* Problem: Copy out the whole listing exactly as written, leaving the pictures behind.

* Given information:

- - - -

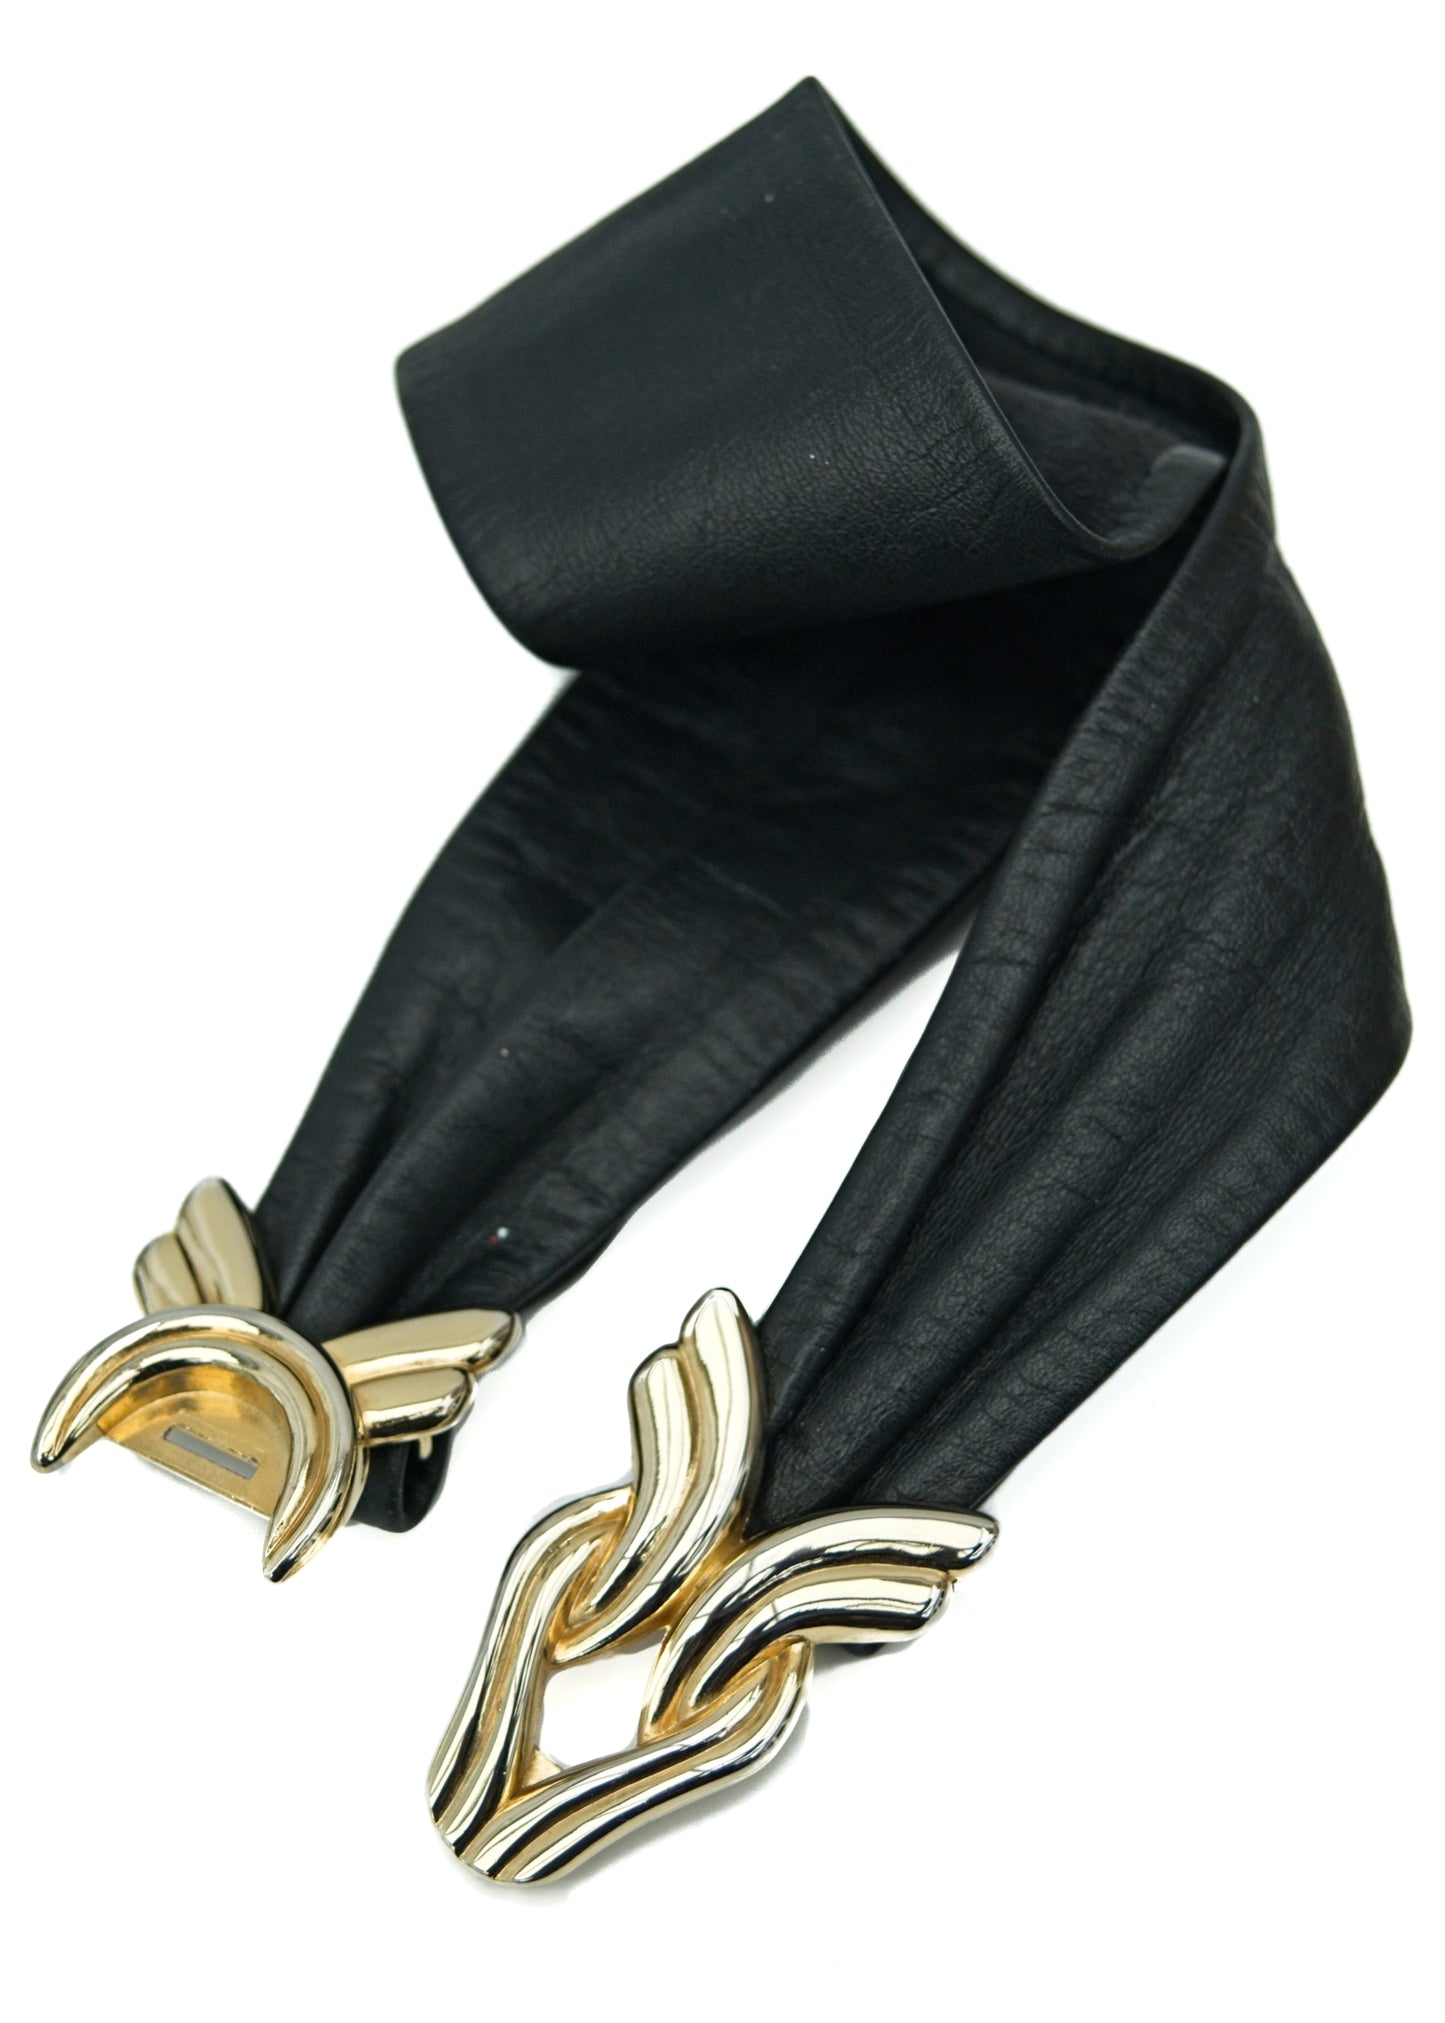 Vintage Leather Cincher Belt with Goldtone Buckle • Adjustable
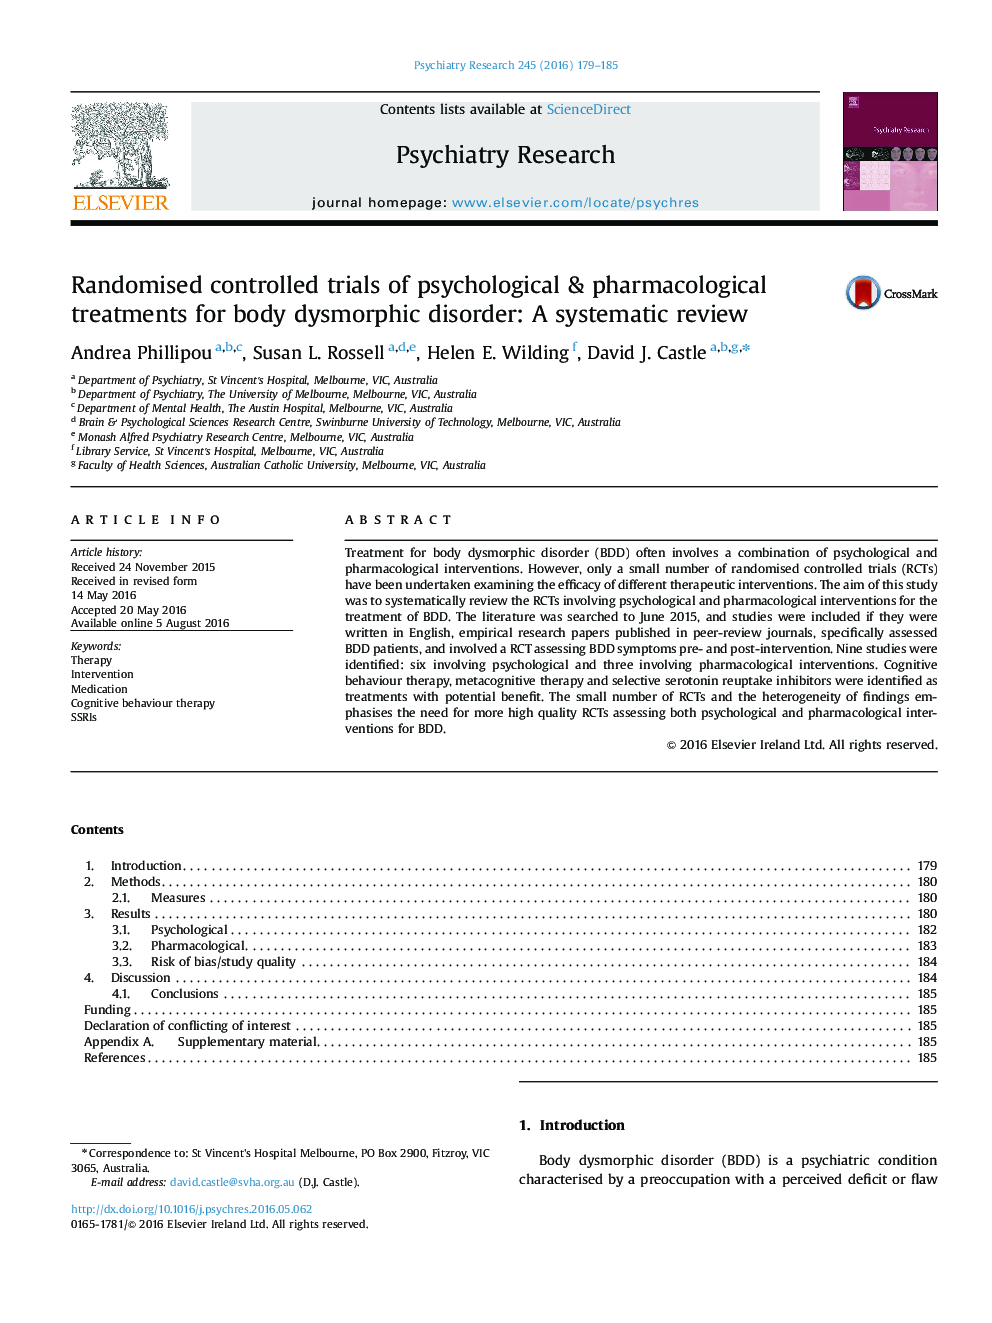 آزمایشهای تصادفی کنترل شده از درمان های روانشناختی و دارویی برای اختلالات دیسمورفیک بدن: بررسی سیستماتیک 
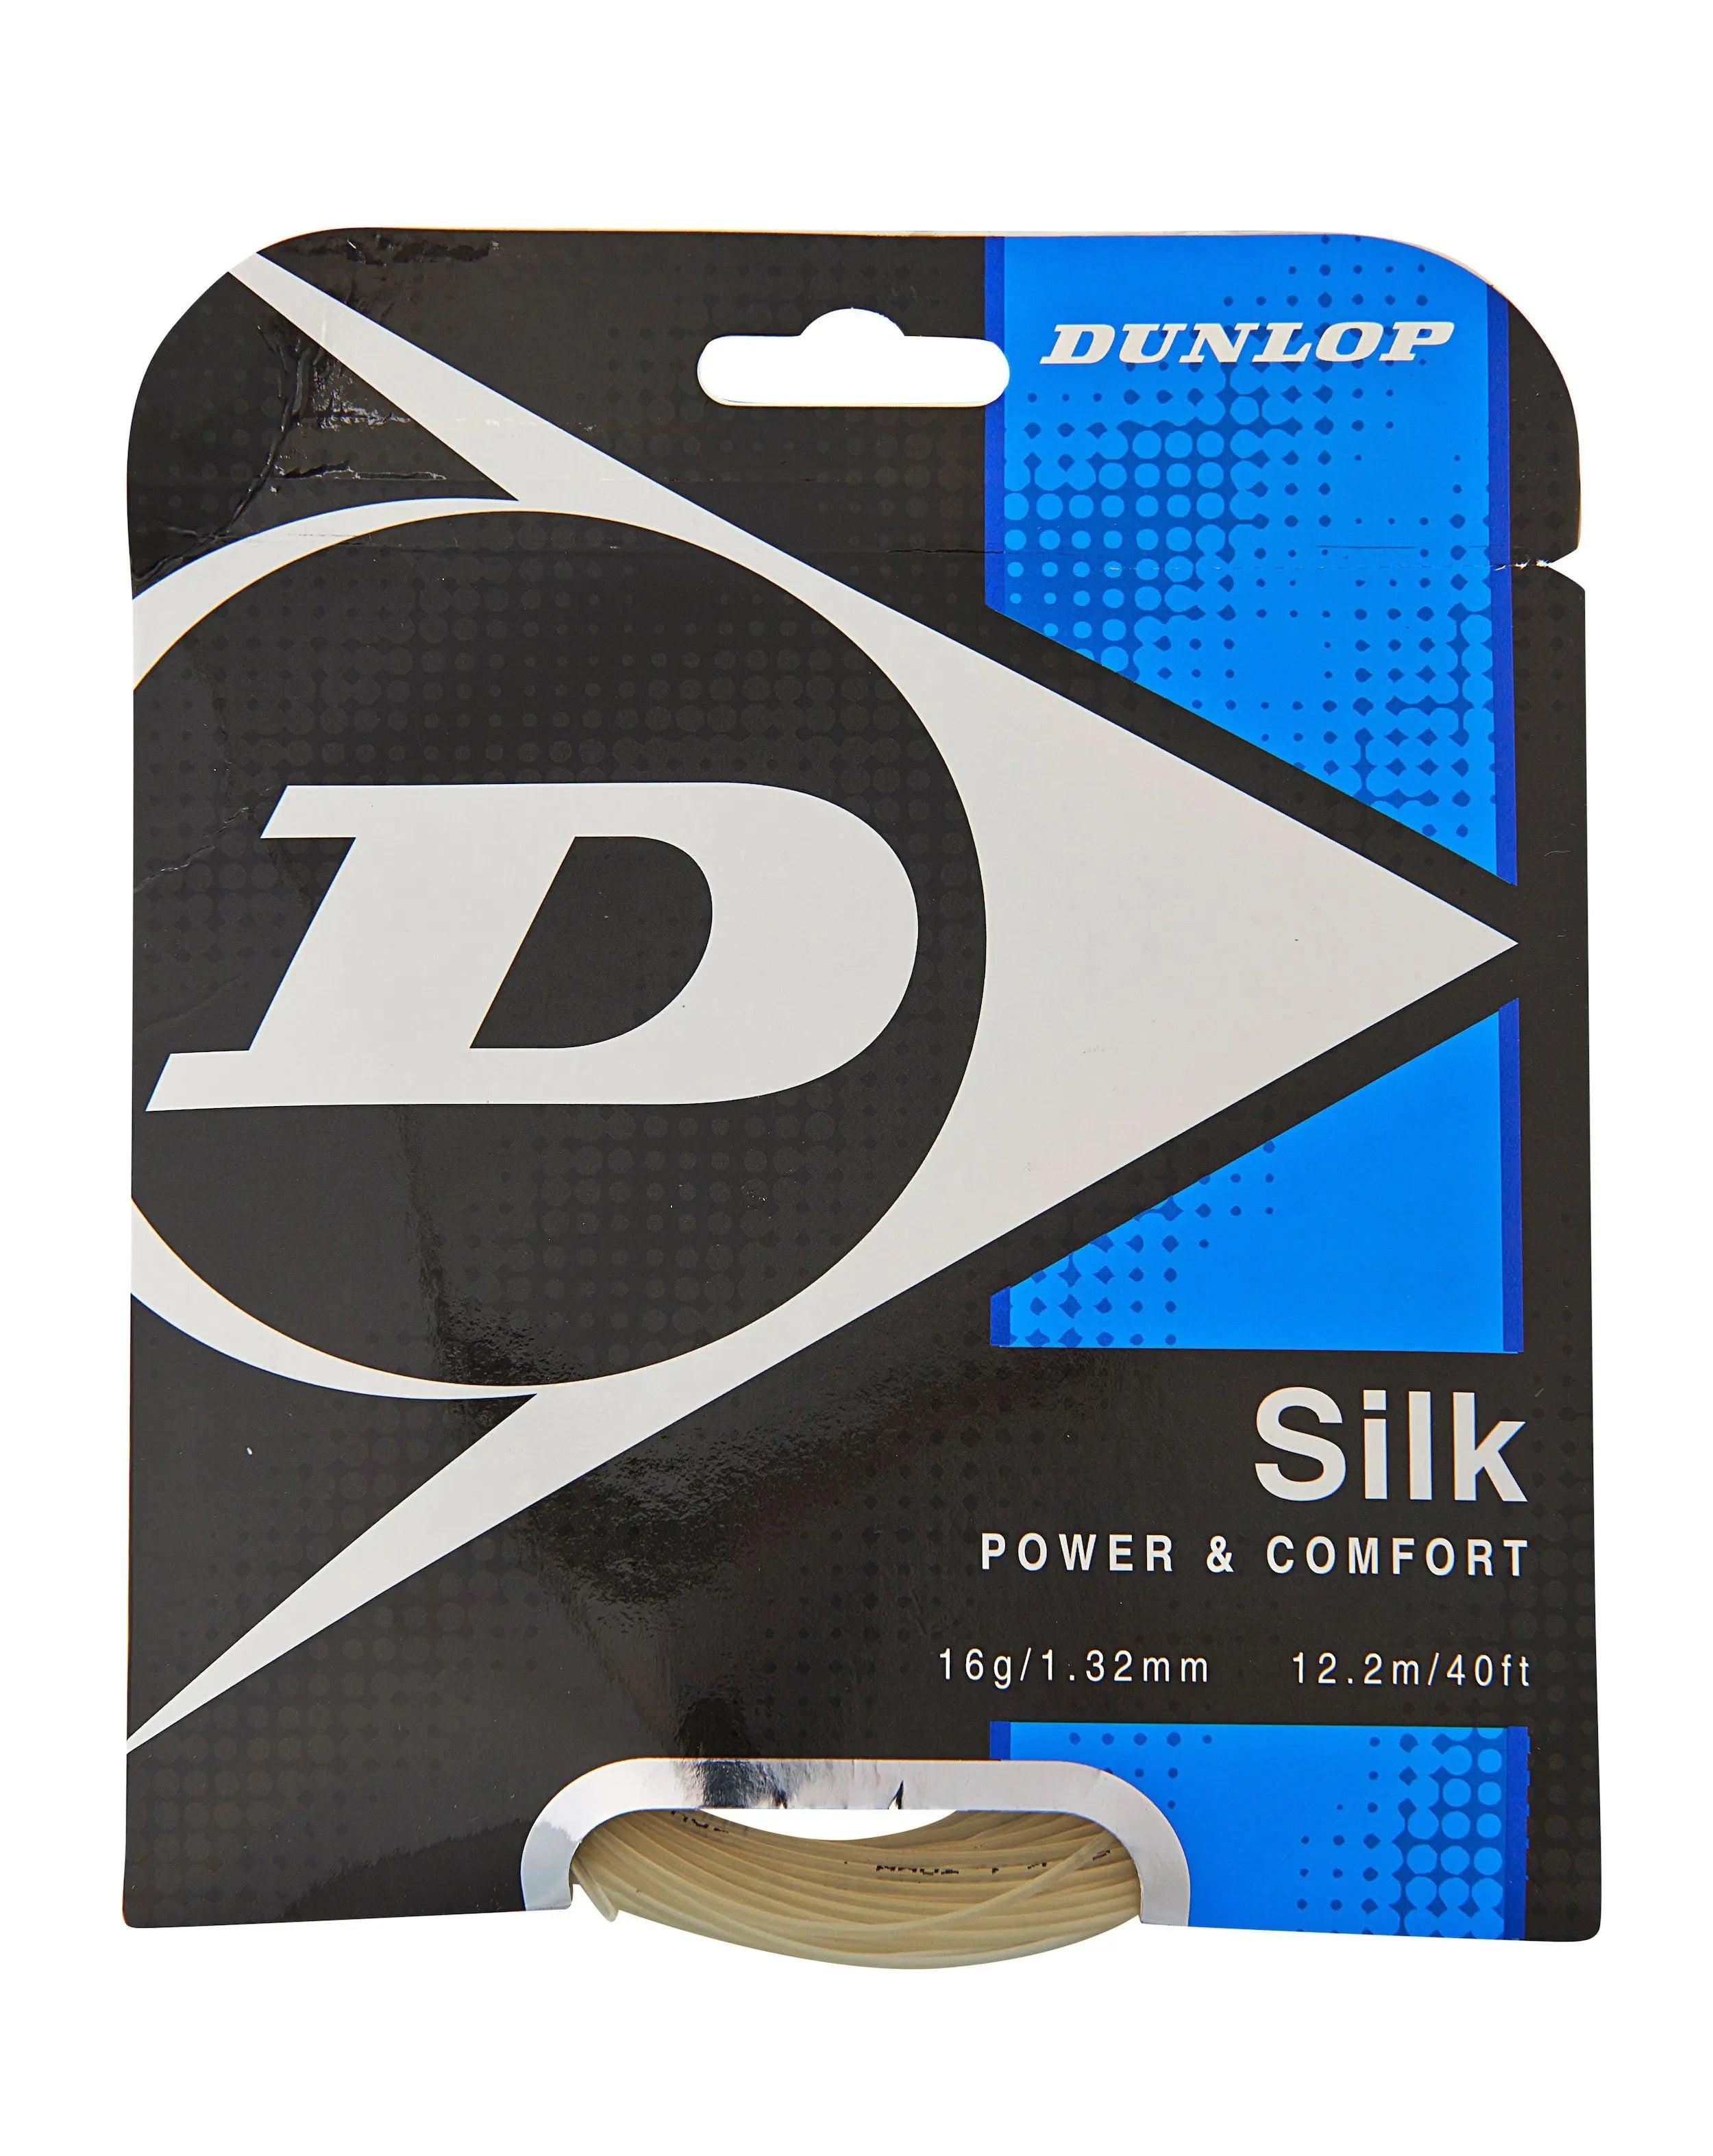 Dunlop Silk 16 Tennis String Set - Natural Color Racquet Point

- - - -

* Response to the exercise:
 Vintage Leather Cincher Belt with Goldtone Buckle • Adjustable
 آزمایشهای تصادفی کنترل شده از درمان های روانشناختی و دارویی برای اختلالات دیسمورفیک بدن: بررسی سیستماتیک 
 Dunlop Silk 16 Tennis String Set - Natural Color Racquet Point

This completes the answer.